Où palper, quoi demander, et les cinq situations où les règles d'Ottawa ne s'appliquent pas. Plus les lésions qui se présentent comme une entorse simple.

LL'équipe Ostest·Mis à jour le 15 juin 2026·8 min de lecture
Clinique

L'entorse latérale de cheville est l'une des lésions les plus fréquentes en traumatologie, et l'une des plus banalisées. Elle est pourtant à l'origine d'un taux élevé de séquelles : douleurs persistantes, sensation d'instabilité, récidives. Deux erreurs dominent en pratique : passer à côté d'une fracture, et traiter comme une entorse simple une lésion qui n'en est pas une.

Les règles d'Ottawa : les critères, mot pour mot

Ces règles de décision ont été développées pour limiter le recours inutile aux radiographies, et elles sont parmi les mieux validées de la médecine d'urgence musculo-squelettique. Leur conception est éclairante : elles ont été construites pour être très sensibles, quitte à être peu spécifiques. Autrement dit, elles servent à écarter une fracture, pas à en affirmer une.

Une radiographie de la cheville est indiquée en cas de douleur dans la région malléolaire associée à au moins un des éléments suivants : une douleur à la palpation du bord postérieur ou de la pointe de la malléole latérale sur les six derniers centimètres, une douleur à la palpation du bord postérieur ou de la pointe de la malléole médiale sur les six derniers centimètres, ou une impossibilité de faire quatre pas en appui, immédiatement après le traumatisme et au moment de l'examen.

Une radiographie du pied est indiquée en cas de douleur dans la région médio-tarsienne associée à une douleur à la palpation de la base du cinquième métatarsien, à une douleur à la palpation de l'os naviculaire, ou à la même impossibilité d'appui sur quatre pas.

Les règles d'Ottawa sont conçues pour ne rater presque aucune fracture. Elles ne sont pas conçues pour prédire qu'il y en a une : une règle positive signifie « imagerie nécessaire », pas « fracture probable ».

Trois erreurs d'application des règles d'Ottawa

Cette performance suppose une application rigoureuse. Trois écarts reviennent.

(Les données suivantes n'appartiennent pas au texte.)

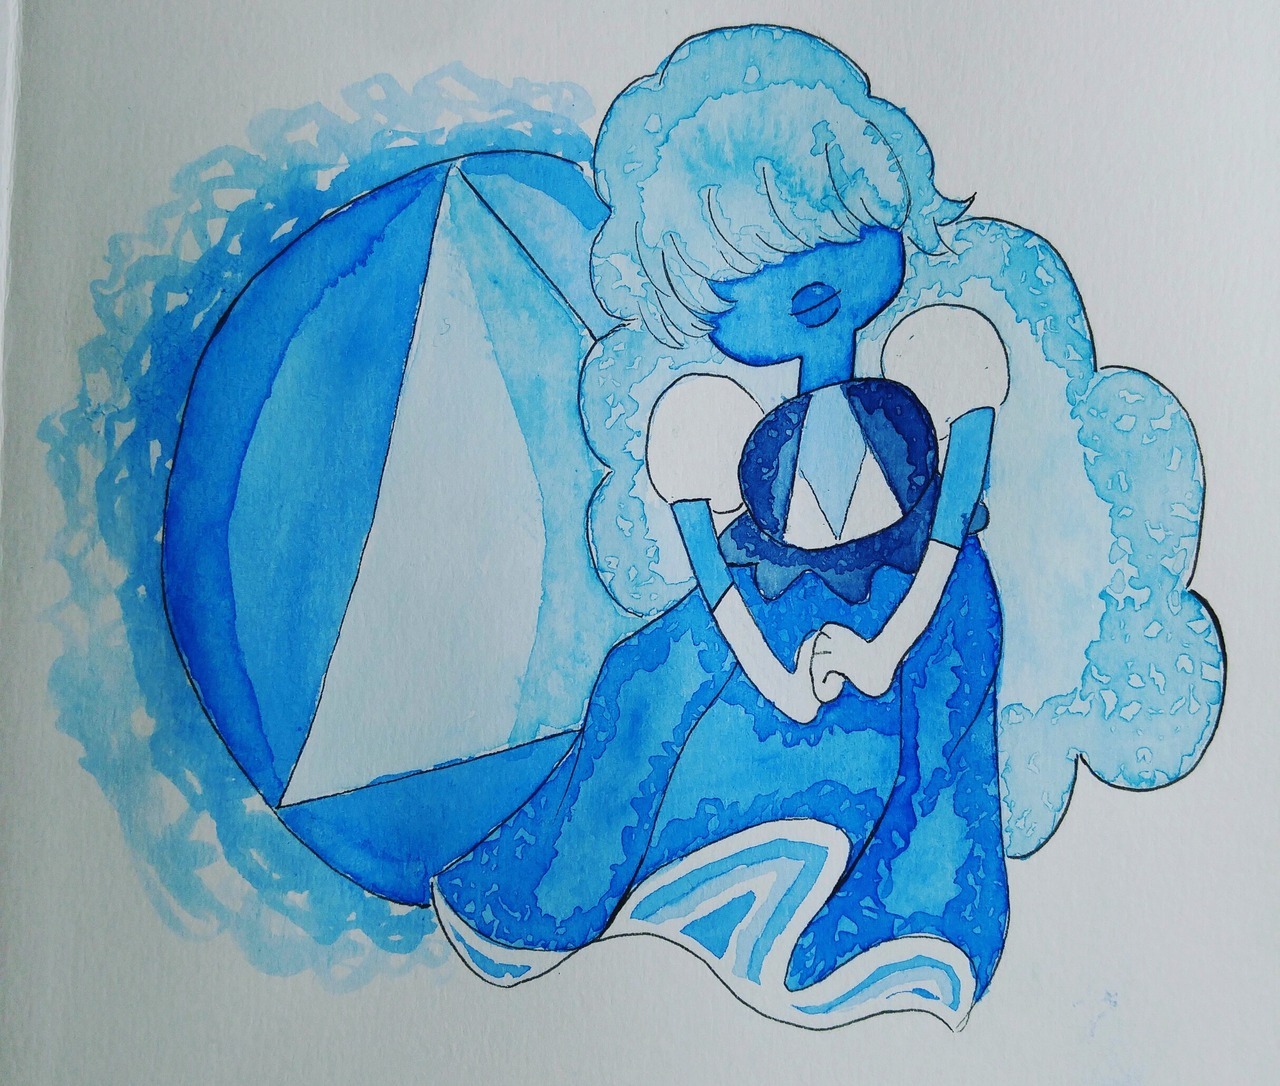 Watercolors are my everything right now Also I love me some Sapphire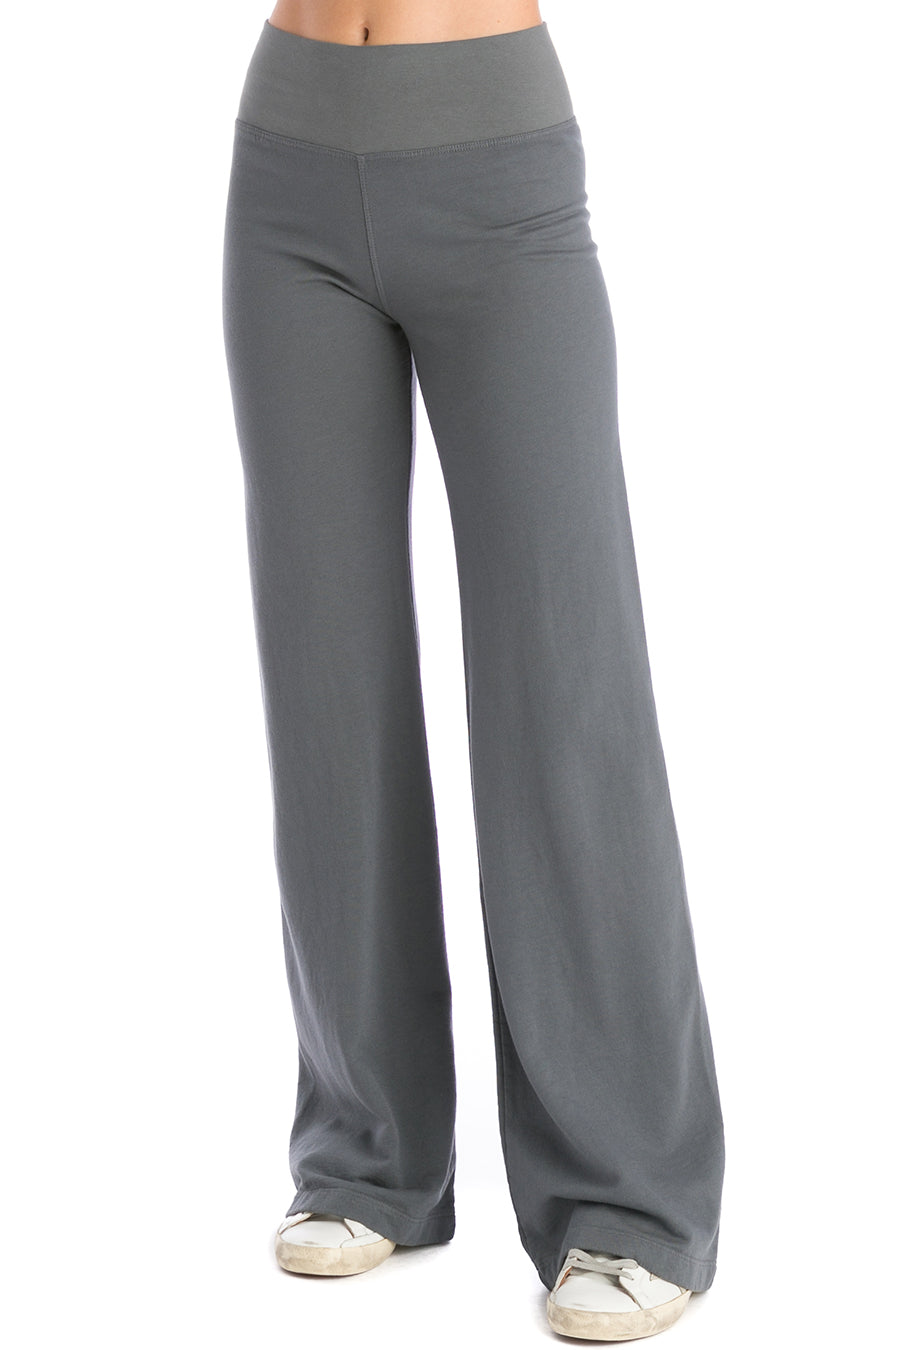 Hard Tail Forever Baby Fleece Flat Waist Pull-On Sweatpant - Onyx

  • Palper la face latérale de la malléole plutôt que son bord postérieur. Le critère porte sur le bord postérieur et la pointe, pas sur la zone antérieure où siège la douleur ligamentaire habituelle. Palper au mauvais endroit transforme presque toutes les entorses en règles positives.
  • Interpréter l'appui comme indolore. Le critère est la capacité à faire quatre pas, même en boitant et même douloureusement. C'est l'impossibilité, pas la douleur, qui compte.
  • Appliquer les règles hors de leur domaine de validité. Elles ont été développées et validées chez l'adulte, dans un délai court après le traumatisme, chez un patient examinable et conscient.

Cinq situations où les règles d'Ottawa ne s'appliquent pas

Plusieurs contextes justifient une prudence supplémentaire indépendamment du résultat des règles.

SituationRaisonConduite
Enfant en croissanceDécollement épiphysaire possible avec radiographie initiale normaleAvis médical, immobilisation prudente
Patient âgé ou ostéoporotiqueFracture sur traumatisme minimeSeuil d'imagerie abaissé
Intoxication ou polytraumatismeExamen clinique non fiableRègles non applicables
Trouble de la sensibilité, neuropathieDouleur non fiable comme indicateurImagerie plus large
Douleur persistante à plus de cinq joursLésion associée méconnueRéévaluation, imagerie à discuter

Les lésions qui se présentent comme une entorse simple

Au-delà de la fracture malléolaire, plusieurs lésions se présentent sous les traits d'une entorse et expliquent une part importante des évolutions défavorables.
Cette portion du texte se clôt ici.